Wo sitzt welches Protein? An der TU Wien wurde nun eine neue Technik entwickelt, mit der man den Aufenthaltsort von Proteinen in der Zelle mit höchster Präzision erfassen kann. Proteine sind gleichzeitig die Bausteine und die Werkzeuge unserer Zellen. Um wichtige biologische Prozesse zu verstehen, muss man oft genau wissen, wo sich welche Proteine in welcher Häufigkeit befinden. Das ist allerdings eine große Herausforderung: Erstens, weil Proteine viel zu klein sind, um sie mit einem gewöhnlichen Lichtmikroskop abzubilden, und zweitens, weil es schwierig ist, unterschiedliche Proteine zuverlässig voneinander zu unterscheiden.
An der TU Wien gelang es nun, diese Probleme zu lösen: Mit einer
völlig neuen Kombination aus Infrarot-Spektroskopie,
Atomkraftmikroskopie und maschinellem Lernen kann man nun Proteine
innerhalb einer Zelle bestimmen und mit einer Ortsauflösung von etwa 20
Nanometern lokalisieren. Dadurch ergeben sich ganz neue
Forschungsmöglichkeiten – von der Medizin bis zur Biosprit-Produktion.
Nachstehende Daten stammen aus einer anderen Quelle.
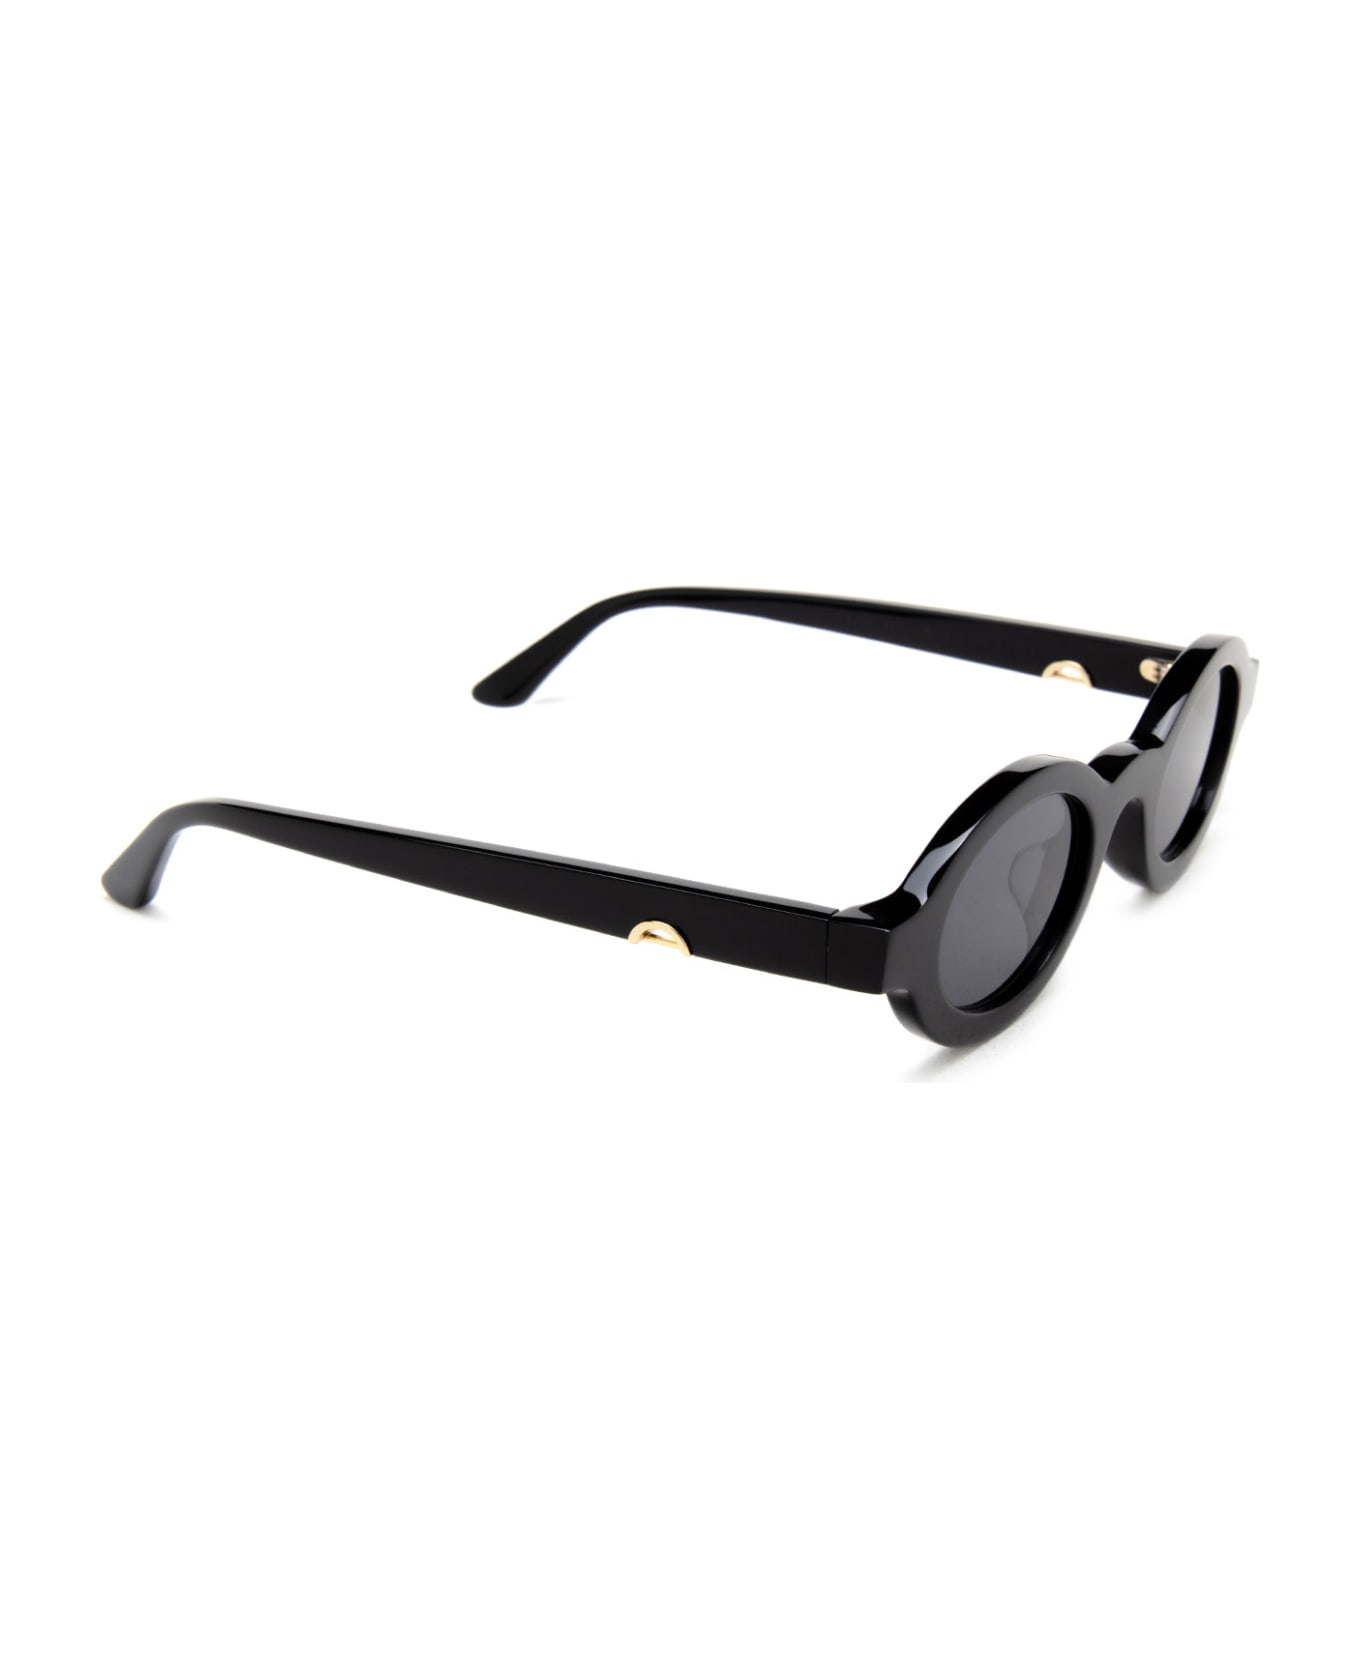 Huma Zoe Black Sunglasses - Black

Der Trick mit der Infrarotstrahlung
„Zellen
sind meist einige Mikrometer groß, also Tausendstel eines Millimeters“,
sagt Georg Ramer vom Institut für Chemische Technologien und Analytik
der TU Wien. „Bei Lichtmikroskopen hat man mit einer ganz grundlegenden
Limitierung zu kämpfen: Strukturen, die deutlich kleiner sind als die
Wellenlänge des Lichts können nicht aufgelöst werden. Wenn man
sichtbares Licht verwendet, erscheint alles was kleiner ist als etwa 0.5
Mikrometer als verschwommener Farbklecks.“
Um Proteine innerhalb
der Zelle sichtbar zu machen, muss man daher mit speziellen Tricks
arbeiten. Oft werden bestimmte Proteine mit Fluoreszenzfarbstoffen
markiert, die man dann anschließend zum Leuchten bringt, um die Position
des Proteins zu bestimmen. Diese Markierungen können die Proteine und
die Zelle allerdings beeinflussen.
Ein interdisziplinäres Team
aus den Forschungsgruppen des analytischen Chemikers Bernhard Lendl und
der Biotechnologin Astrid R. Mach-Aigner hat nun allerdings eine völlig
neuartige Technik zur Detektion von Proteinen entwickelt, die völlig
ohne solche Markierungen auskommt. Dabei wird die Tatsache ausgenutzt,
dass man Moleküle über ihre Schwingungen identifizieren kann:
Unterschiedliche Proteine absorbieren unterschiedliche Wellenlängen im
Infrarotbereich. Wenn man misst, welche Wellenlängen absorbiert werden,
dann weiß man auch, um welches Protein es sich handelt.
Allerdings
weiß man dadurch noch nicht exakt, wo es sitzt – denn nachdem
Infrarotstrahlung mit etwa 2,5 bis 25 Mikrometern eine größere
Wellenlänge hat als sichtbares Licht, ist es zum Auflösen feiner Details
noch schlechter geeignet. Man muss die Infrarotmethode daher mit etwas
anderem kombinieren.
Der Trick mit der Atom-Nadel
„Hier
kommt das Atomkraftmikroskop ins Spiel“, erklärt Georg Ramer, der die
Zusammenarbeit koordinierte. „Dieses Gerät tastet die Probe mit einer
sehr scharfen Spitze ab. Diese Spitze hat einen Durchmesser von ungefähr
20 Nanometern, damit kann man ein sehr präzises topographisches Bild
der Probe erhalten.“ Wird die Probe nun mit Infrarotstrahlung
beleuchtet, die von einem Protein absorbiert wird, dann führt das zu
einer lokalen Erwärmung.
Genau an dieser Stelle dehnt sich die
Probe ein bisschen aus und das lässt sich mit dem Atomkraftmikroskop
messen. „So verbinden wir die Vorteile beider Methoden und ermöglichen
eine Infrarotspektroskopie mit einer Ortsauflösung von 20 Nanometern“,
sagt Catarina Santos, die Erstautorin der Studie.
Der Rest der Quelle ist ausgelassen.